Machine Learning and Rank Aggregation Methods for Gene Prioritization from Heterogeneous Data Sources
Abstract
Gene prioritization involves ranking genes by possible relevance to a disease of interest. This is important in order to narrow down the set of genes to be investigated biologically, and over the years, several computational approaches have been proposed for automat-ically prioritizing genes using some form of gene-related data, mostly using statistical or machine learning methods. Recently, Agarwal and Sengupta (2009) proposed the use of learning-to-rank methods, which have been used extensively in information retrieval and related fields, to learn a ranking of genes from a given data source, and used this approach to successfully identify novel genes related to leukemia and colon cancer using only gene expression data.
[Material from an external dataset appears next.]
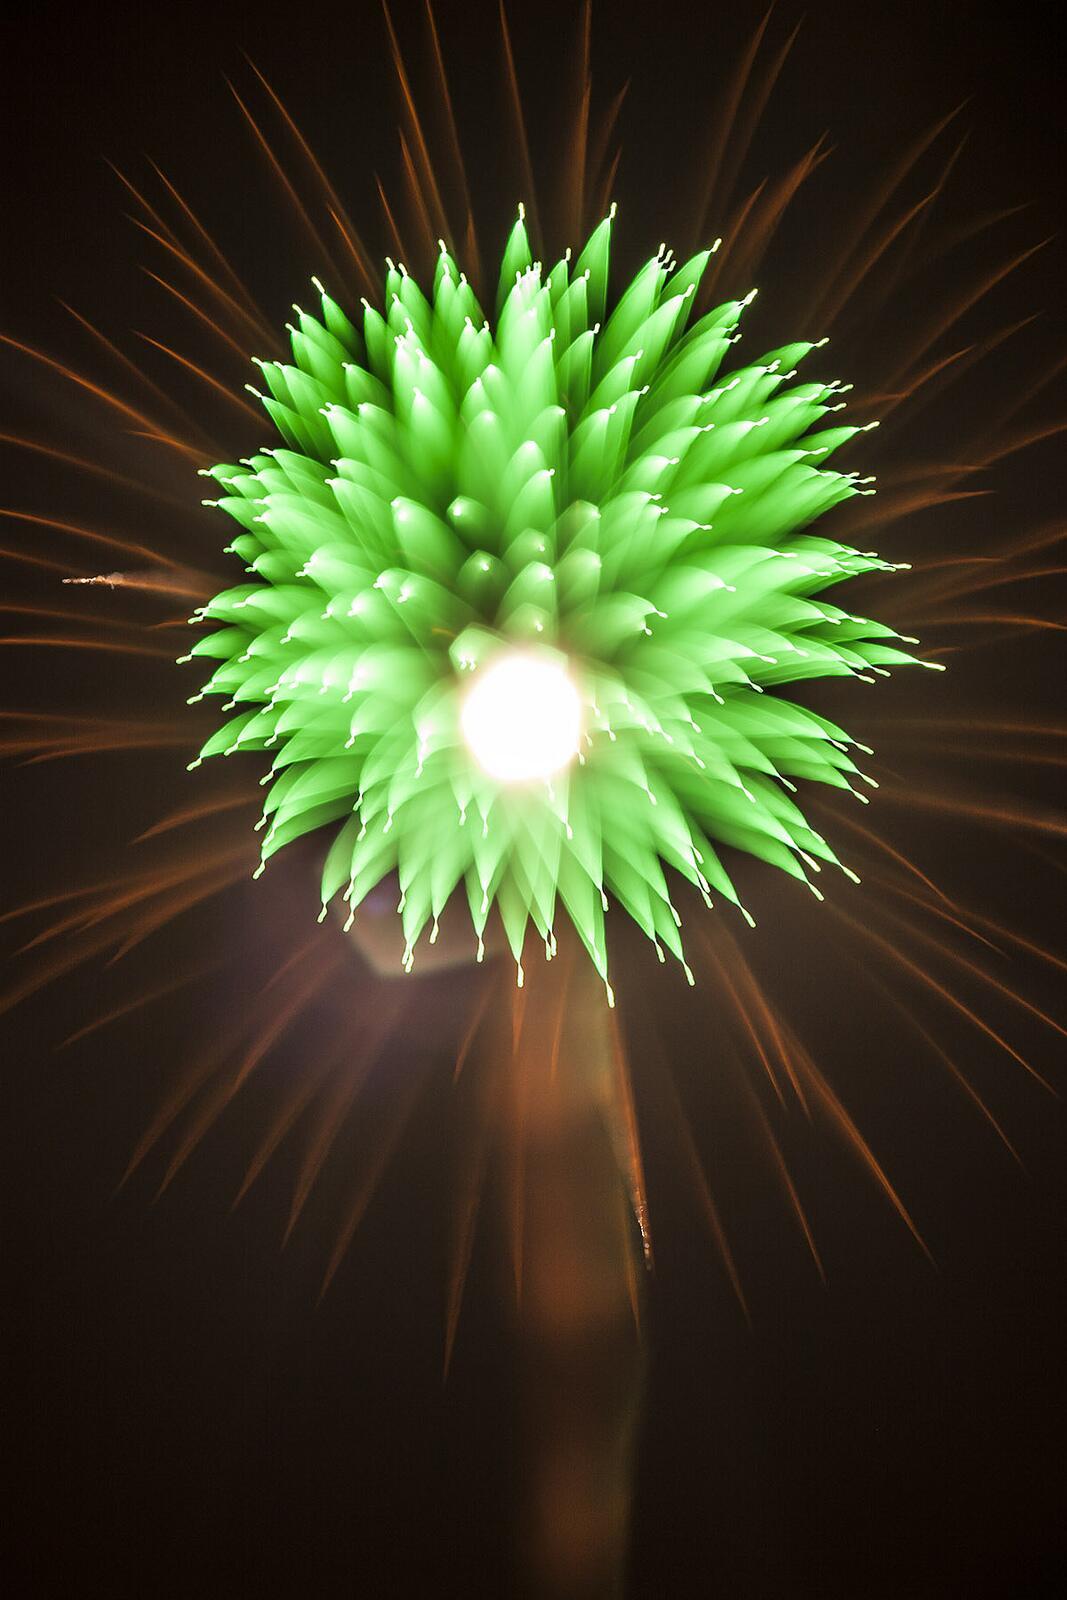 Long Exposure Fireworks by David Johnson http://t.co/Z8t25ey4oe

In this work, we explore the possibility of combining such learning-to-rank methods with rank aggregation techniques to learn a ranking of genes from multiple heterogeneous data sources, such as gene expression data, gene ontology data, protein-protein interaction data, etc. Rank aggregation methods have their origins in voting theory, and have been used successfully in meta-search applications to aggregate webpage rankings from different search engines. Here we use graph-based learning-to-rank methods to learn a ranking of genes from each individual data source represented as a graph, and then apply rank aggregation methods to aggregate these rankings into a single ranking over the genes. The thesis describes our approach, reports experiments with various data sets, and presents our findings and initial conclusions.